SPLM youth learn more about the revitalized peace agreement and UNMISS mandate

Beatrice Mategwa

An interactive quiz session to test a group of youth on their knowledge about the working of the United Nations is in progress.

Moses Ujua is spot on about the work of the United Nations Mission in South Sudan (UNMISS).

 

“Protection of civilians, creating conditions for humanitarian assistance, supporting the peace agreement, and monitoring and investigating human rights,” he says.

 

Fellow youth cheer him on and he is awarded a much-coveted hard copy of the revitalized peace agreement.

 

Joyce Abaha also nails her response, about the date the International Women’s Day is celebrated.
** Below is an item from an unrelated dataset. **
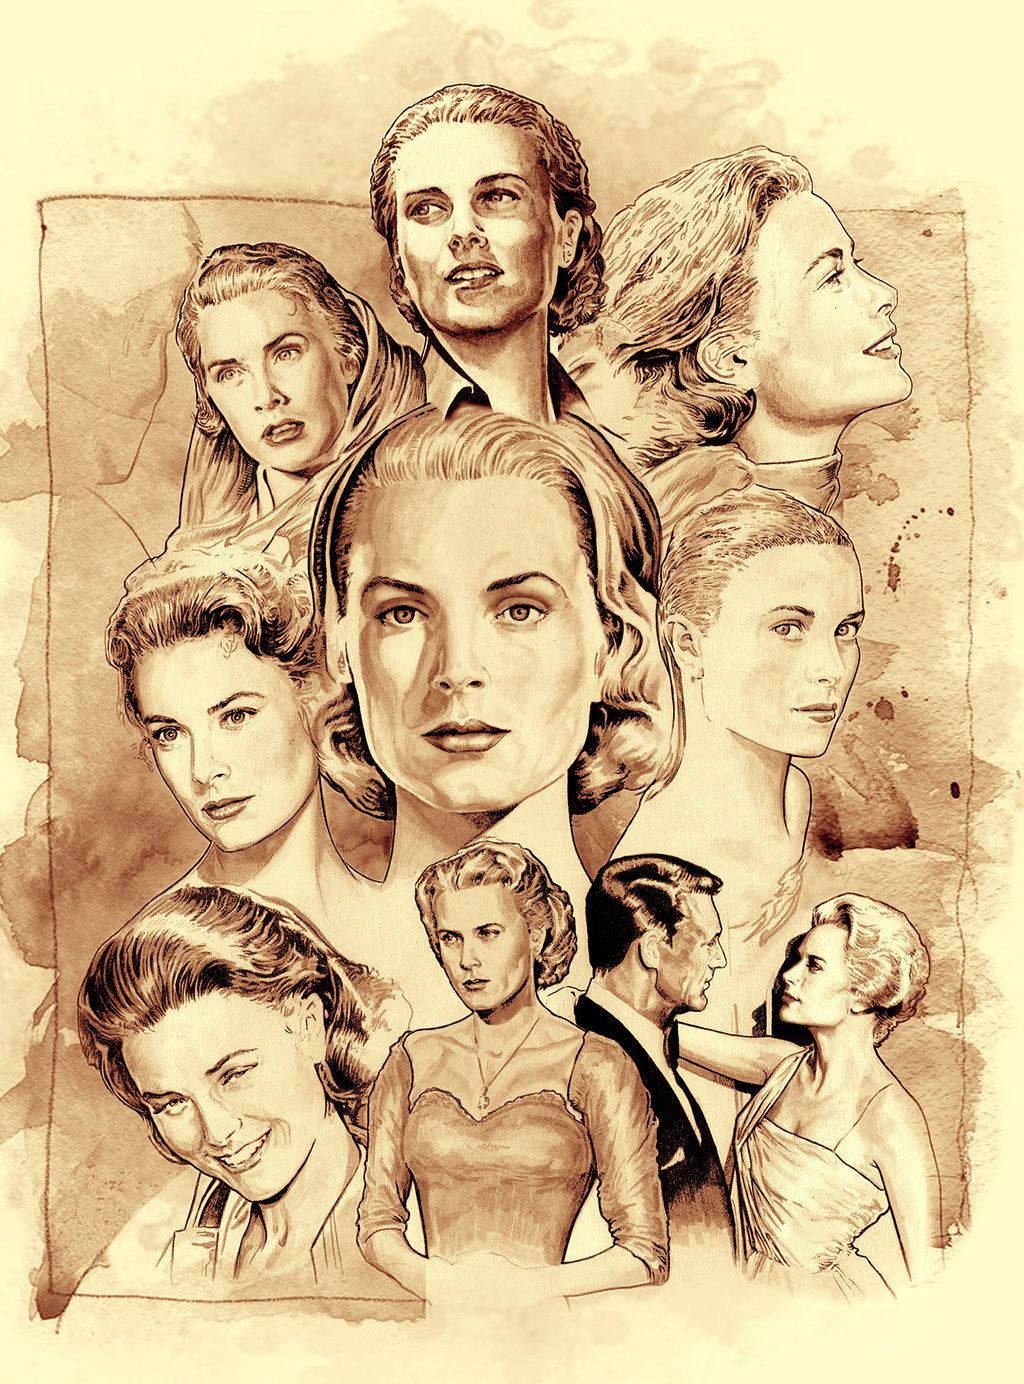 Elegance Personified - A Grace Kelly Art Collage Background

“Eighth of March,” she says confidently as she smiles broadly, jabbing the air in delight as other youth applaud her answer.

 

She is also awarded a copy of the agreement, which she says she will read from cover to cover, and understand it.

 

Moses and Joyce and the others, at this workshop are not your ordinary youth. All the 50 participants have been drawn from South Sudan’s main political party, the Sudan People’s Liberation Movement Youth League, and represent youth from across the country.

 

As part of a two-day workshop being held in South Sudan’s capital, Juba, the sessions are aimed at sensitizing the youth about the mandate and work of UNMISS; rules and regulations surrounding the Status of Forces Agreement, signed by both the peacekeeping Mission and the government to establish the mission, and various key areas around the revitalized peace agreement, signed in September 2018.

 

“You are the future. Young people of South Sudan are peace ambassadors today and future leaders tomorrow,” says the UNMISS Communications and Public Information Office head, Francesca Mold.

 

“We, as the youth of the SPLM, we are standing for peace for sure,” says Abaha who also doubles up as the Youth League Secretary of External Relations.

 

“This workshop will help us more to understand what’s going on in the agreement, and then about the role of the youth. It will help us understand the mandate of UNMISS in South Sudan, because many of the youth outside do not know the mandate of UNMISS in South Sudan,” says Joyce. “I am so hopeful that when we go out of this workshop we will work together,” she adds.

 

According to Abaha, youth in the country have oftentimes protested the presence of the United Nations Mission in the country, but their new-found knowledge will help bridge the gaps.

 

Those in attendance also listened as officials from UNMISS underscored various regulations that the mission abides by, under a Status of Forces Agreement.

 

A separate simplified session presented by the Joint Monitoring Evaluation Commission (JMEC), on the revitalized peace agreement heard that the peace agreement was progressing positively despite some challenges, where non-signatories to the agreement were being involved in skirmishes.

 

“The youth of South Sudan represent the hopes and the dreams of this country, and it becomes vitally important that the peace agreement be implemented, not only in letter, but in spirit,” said JMEC’s Thomson Fontaine. “My hope is that out of this, the youth will understand that there is good progress being made and that they can then go back to various constituencies and spread the word that the peace agreement is on the right track and it needs to be supported and sustained.”

 

In his opening remarks, an older official from the Sudan People’s Liberation Movement challenged the youth to develop their country and ensure that a revitalized peace agreement signed more than four months ago is upheld.

 

“You are the ones who fought the war. You should be the ones also to develop this country and devise ways and means for this peace to be sustainable,” said Kuol Atem. “There is no [other] way, because it is you who fought the war, and it should be you [who] also [should] tell us: no for war, yes for development,” he said.